Raw data ▸
###

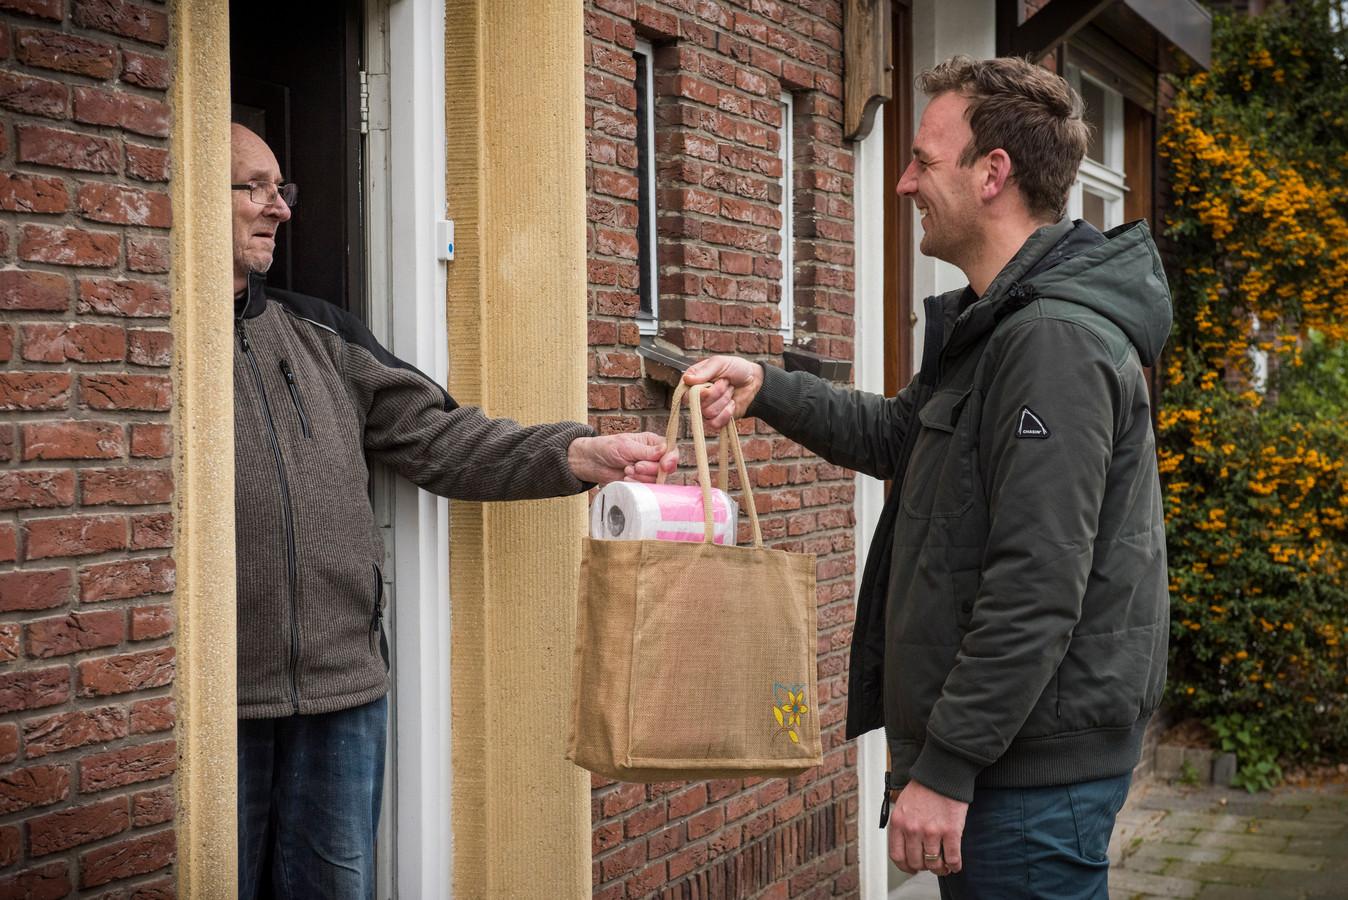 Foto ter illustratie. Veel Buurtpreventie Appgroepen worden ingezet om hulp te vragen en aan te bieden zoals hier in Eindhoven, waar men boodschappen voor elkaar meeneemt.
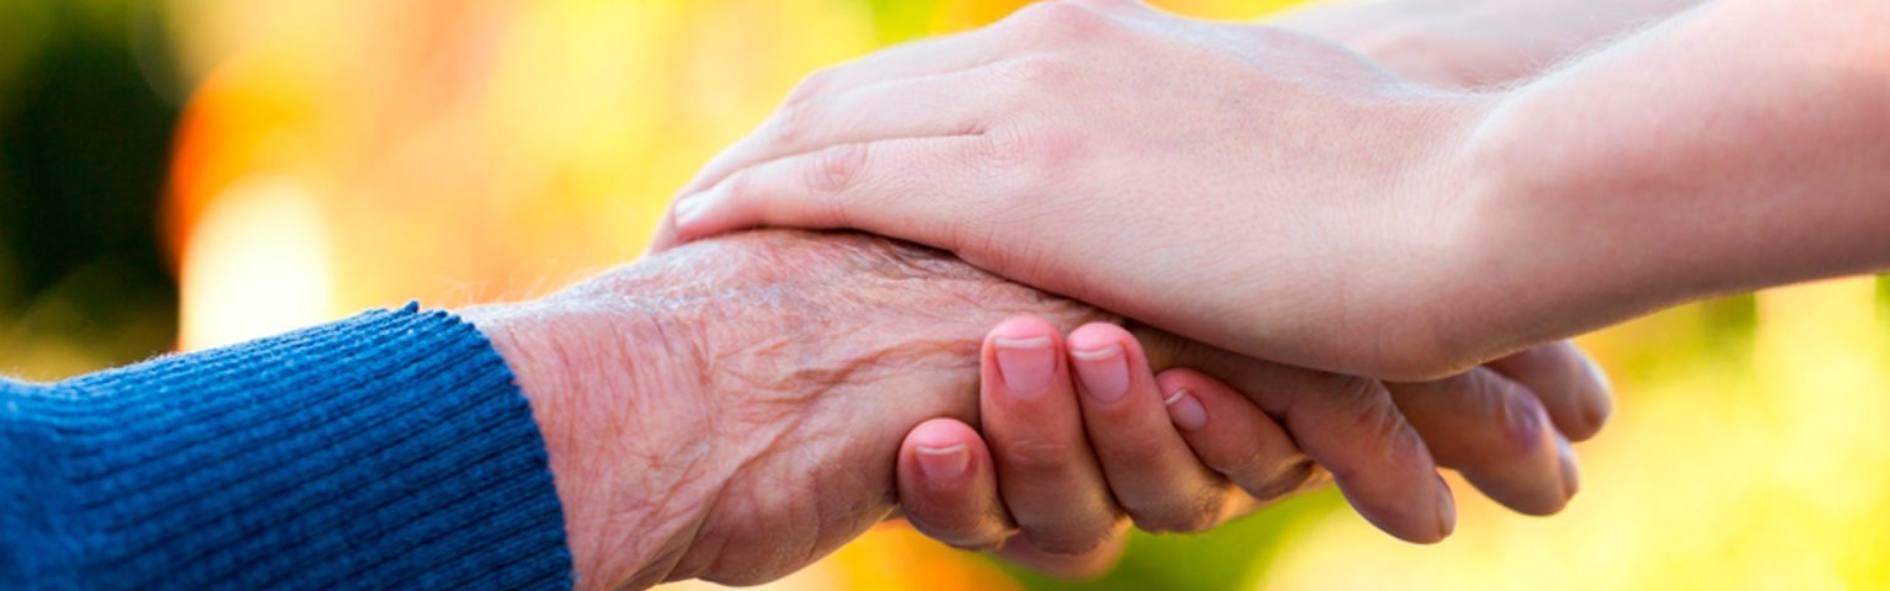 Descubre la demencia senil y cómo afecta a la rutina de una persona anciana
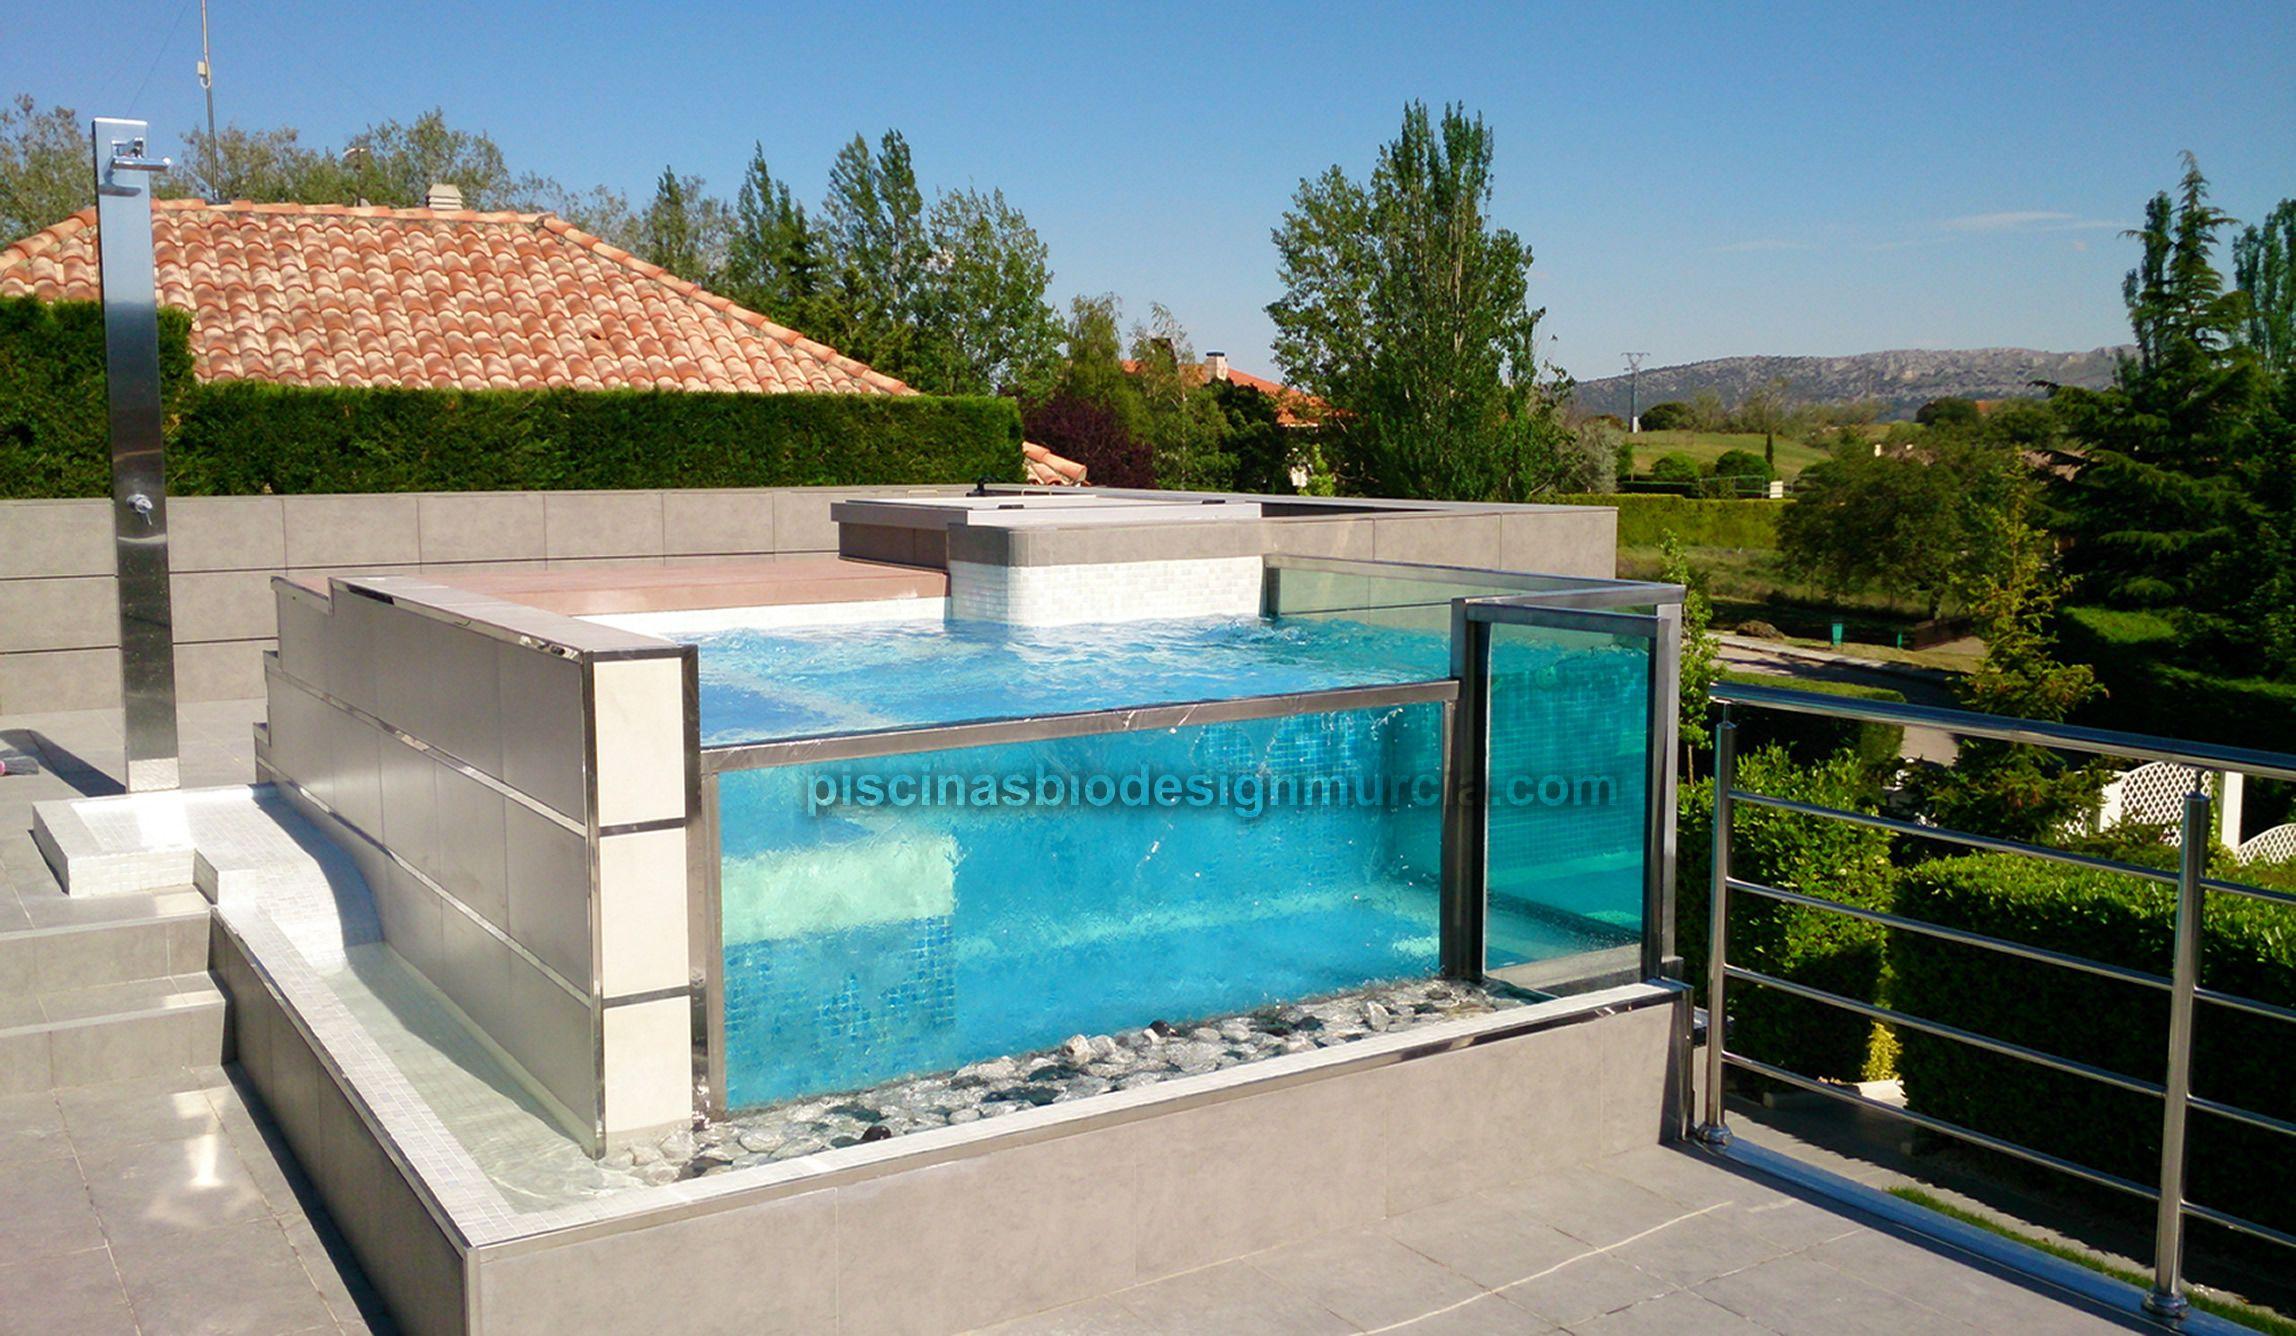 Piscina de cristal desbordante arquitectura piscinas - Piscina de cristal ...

###

Goal of the exercise ▸ The line containing "Descubre la demencia" marks the end: retype every line from the first one in the listing up to and including it, without pictures.

Response box ▸
 Foto ter illustratie. Veel Buurtpreventie Appgroepen worden ingezet om hulp te vragen en aan te bieden zoals hier in Eindhoven, waar men boodschappen voor elkaar meeneemt.
 Descubre la demencia senil y cómo afecta a la rutina de una persona anciana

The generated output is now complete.